Too much good advice

Have you ever noticed that, from a very young age, we are truly inundated with advice and “guidance?” Now I admire the animal kingdom when it comes to giving counsel and life skills. The mother lion, for example, when instructing her cubs has killed and eaten prey before. Failure to do so results in simple Darwinian (1) selection: you die and don’t have any incompetent progeny. These hard earned skills have been passed on through generation after generation by the removal of the weaker and less intelligent members, thereby allowing the superior beast to survive and multiply. One would almost believe that Gaia really is in control of the Earth for without the hardiness of most species, human beings would have wiped them out eons ago.

This sadly is not the case with parents and caregivers. Each person who stumbles into this category begins afresh. There is nothing in our DNA that has genetically prepared us to be responsible for children, in my estimation. We are on our own: talk about critical thinking skills and the lack there of. Soon we are called on to proffer advice and direction. We extend our opinions in total ignorance because the world has moved on by at least one generation, sometimes two, depending on the parent’s age.

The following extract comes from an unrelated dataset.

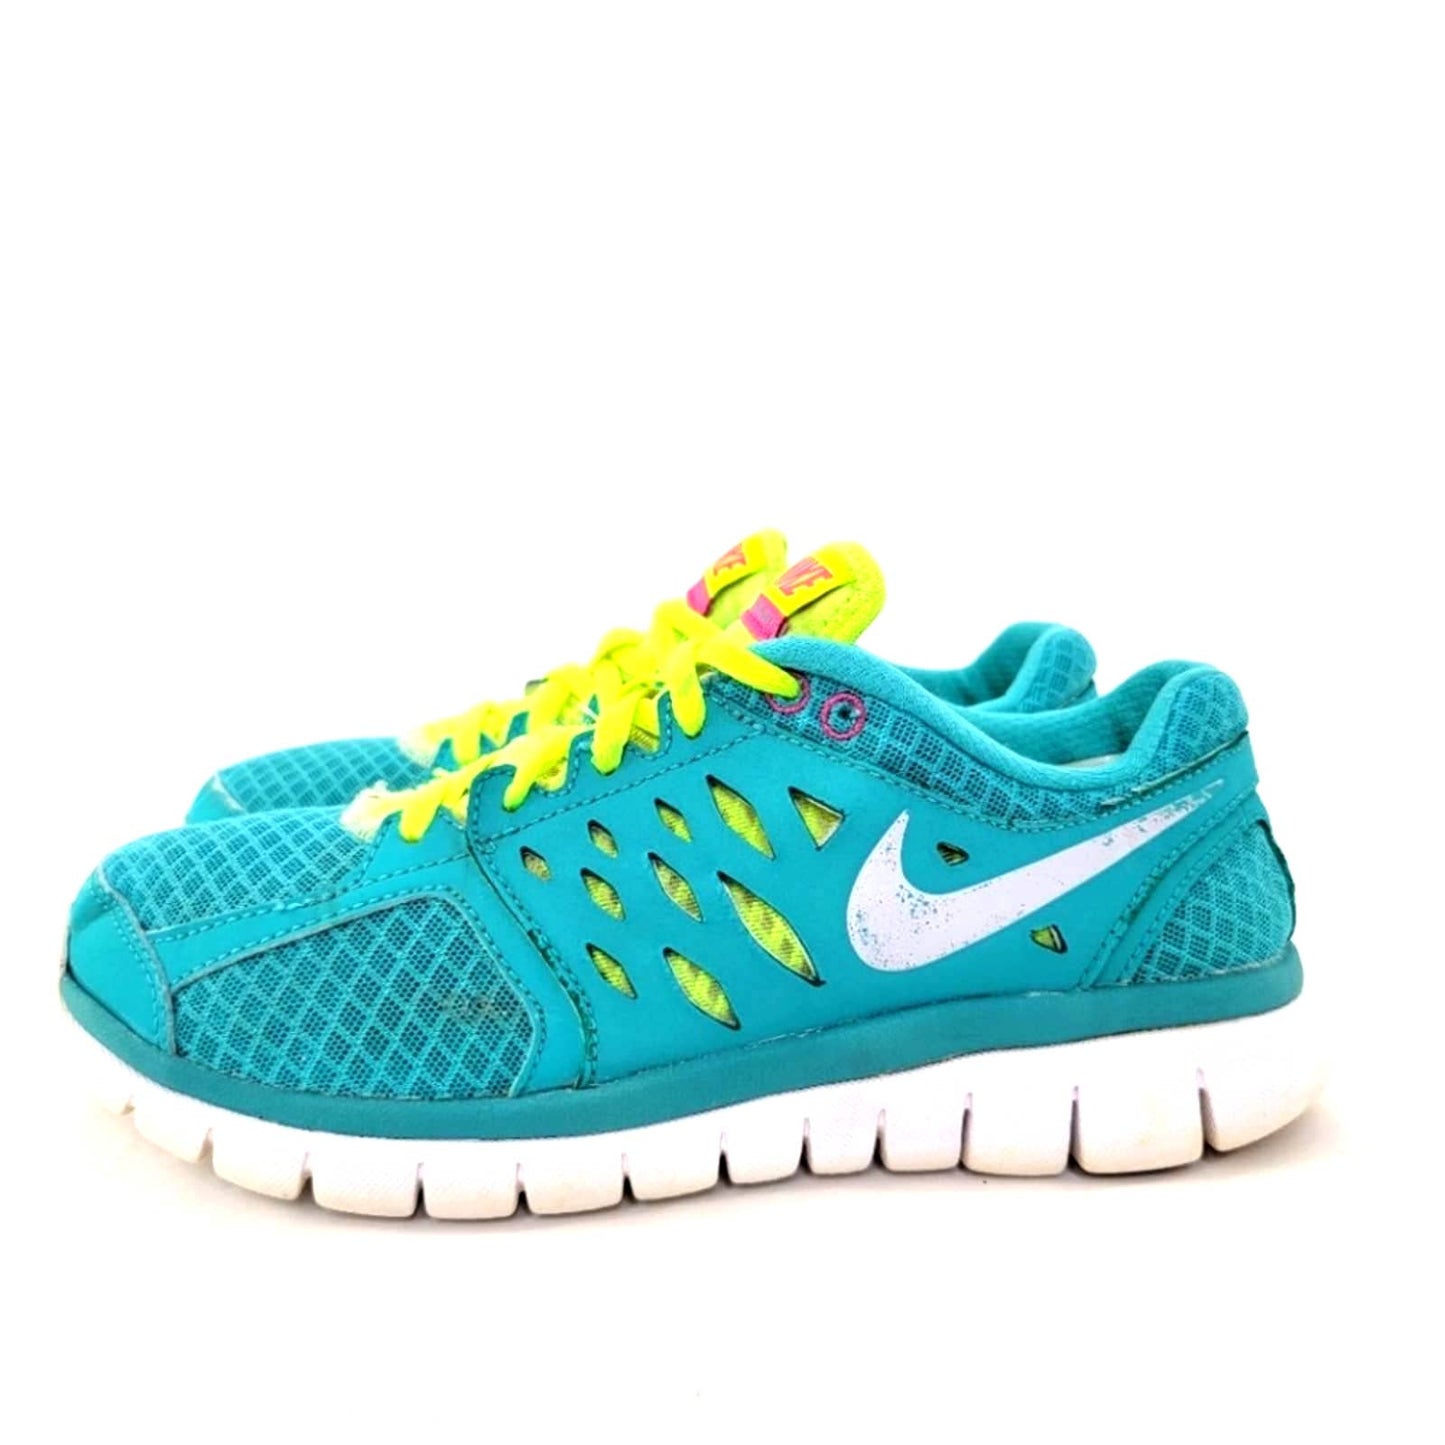 Nike Flex 2013 Running Shoes - 7

We are stating ideas that are old and stale, but we think they are current and insightful: hence our modern predilection to control our children. “Tell me high school students, is this true? Of course it is!” The result is a worldwide crew of sallow misanthropes with little desire to engage in the living world. Why would 43% of young people under the age of twenty-five not have a job, or have an inferior one that is little more than wage slavery? (2) Of course it is partially true that the changing economic reality is generating less and less “jobs” in the traditional sense. What is really happening, however, is much more pernicious: Generation Y is too smart and too entitled. It does not want to “put in the effort” to acquire the necessary 10,000 hours of experience to achieve the beginnings of expertise. Why? The simple answer is that they don’t believe they have to: the Internet tells them that everything is achieved effortlessly. Harsh reality steps into play after the third or fourth failed attempt at securing a successful position. (3) Many, I read, are branching out into the entrepreneurial world. Here with little effort and limited investment there is a substantial salary with benefits: a shocking lie. (4) The resulting “slap in the face” usually scars a person for life: the non-communicative clerk or government worker is the result. You can taste the bitterness.

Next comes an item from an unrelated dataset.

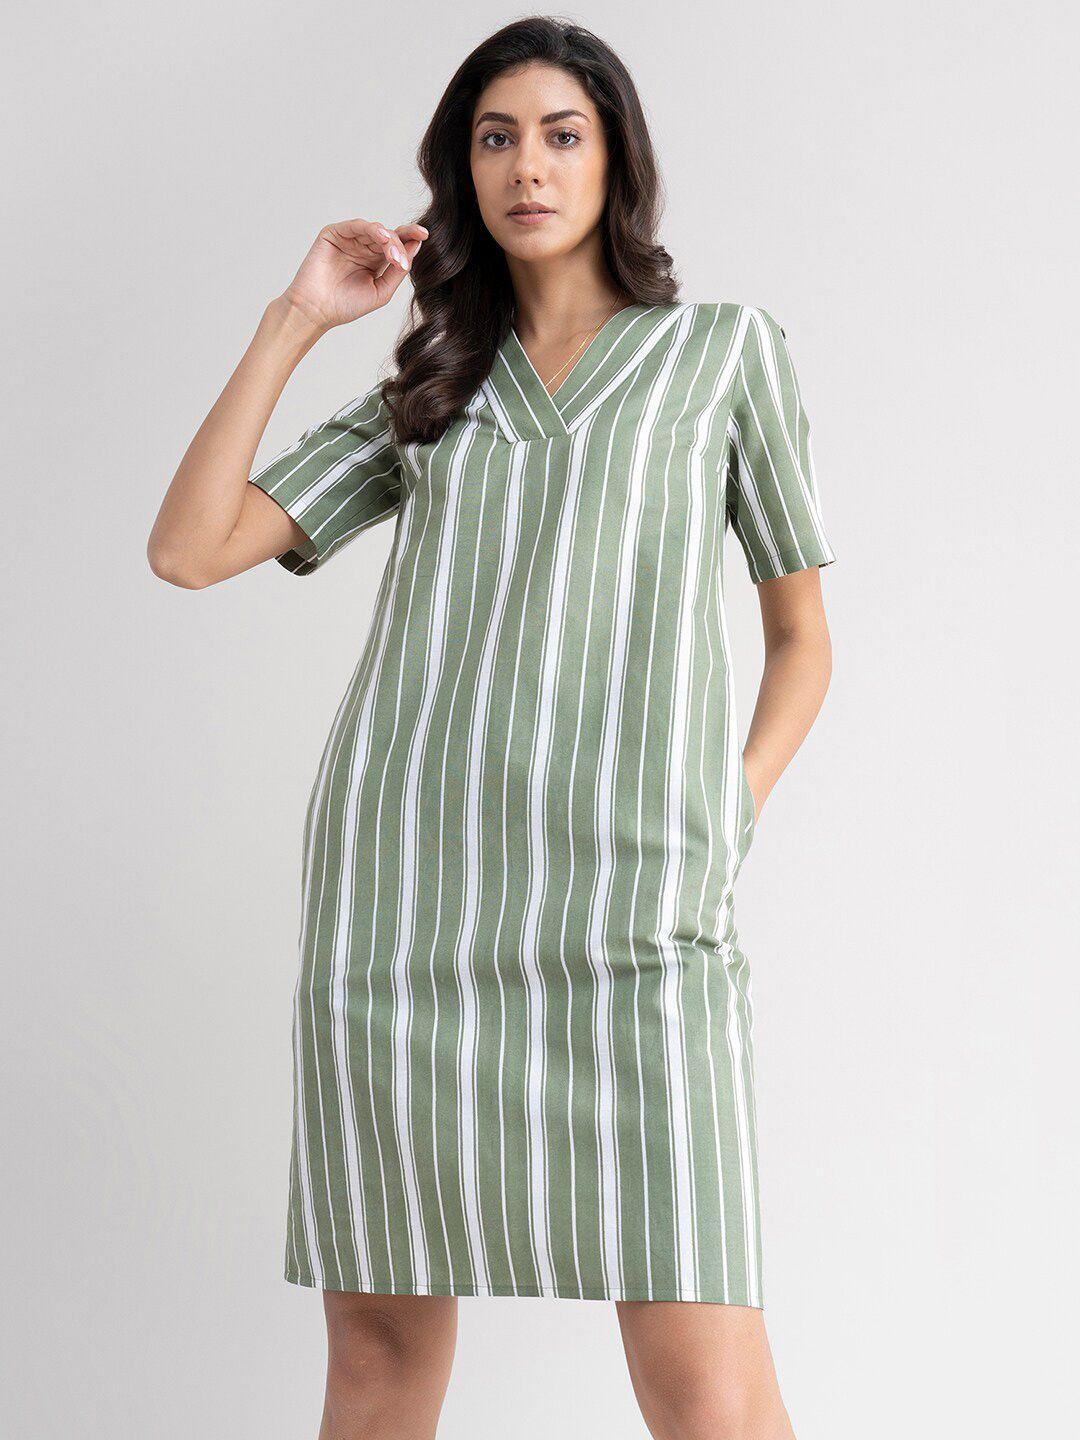 fablestreet-olive-green-&-white-striped-linen-formal-a-line-dress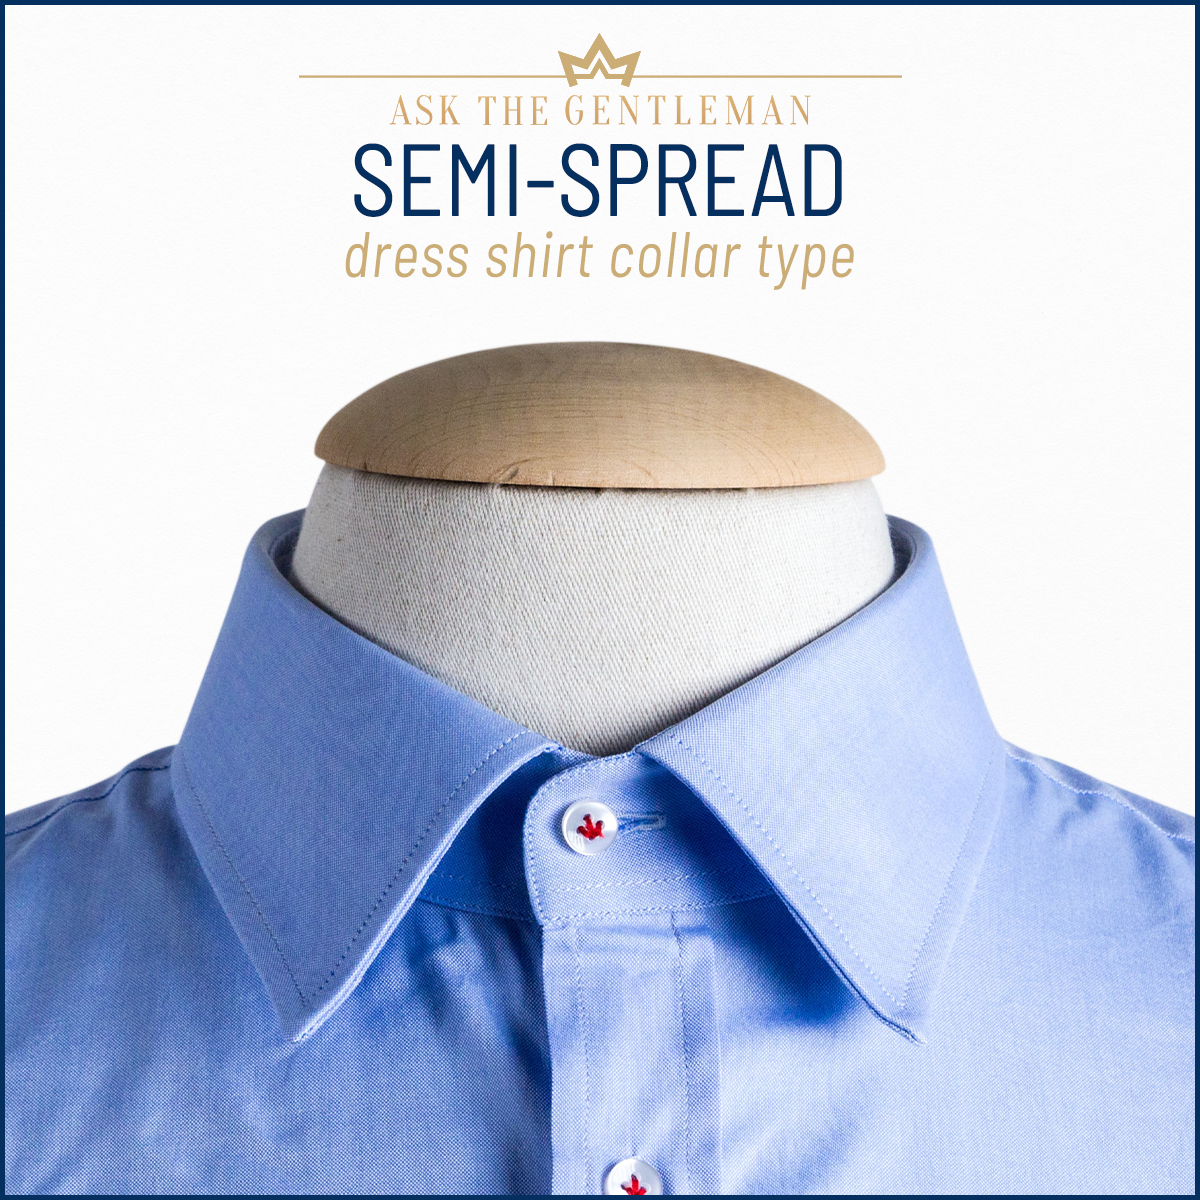 Semi-spread dress shirt collar type

Fortunately, this does not have to be the case: this is not the proscribed lot of the Millennial. To evade this spiritual tragedy, however, we, as parents, have to be educated in the realities of the modern world. The first and most important lesson is that the market place does not care about your degree(s); it deeply cares about your passion and commitment to you and your career, whatever that is. So, you must find a career not a job. The second bit of wisdom is that you need to spend time to nurture your vocation. You cannot come out of theoretical training, such as realized at a university, and secure a top-notch position. Learn to go to work for years at relatively low pay, and then the results may flow. Read the biography of Dame Hadid for some thoughtful insight. (5) The final chestnut is, “Be excited with life”: it is your one and only life in this reality. If you are not excited with your life, no one else will be! The adoption of these three basic tenets will revolutionize the job market. Failure to do so will hurl the economic train further along its ever weakening trestle. Nothing good can result. The Western Roman Empire collapsed in 476 and Western Europe only began to show signs of rebirth with the crowning of Charlemagne in 800: some 11 generations of humanity had passed in total chaos. Luckily, our efforts and critical thinking skills can preclude these results. The great educator Sir Ken Robinson leaves us with a thought: The fact is that given the challenges we face, education doesn’t need to be reformed — it needs to be transformed. The key to this transformation is not to standardize education, but to personalize it, to build achievement on discovering the individual talents of each child, to put students in an environment where they want to learn and where they can naturally discover their true passions. … Creativity is as important as literacy.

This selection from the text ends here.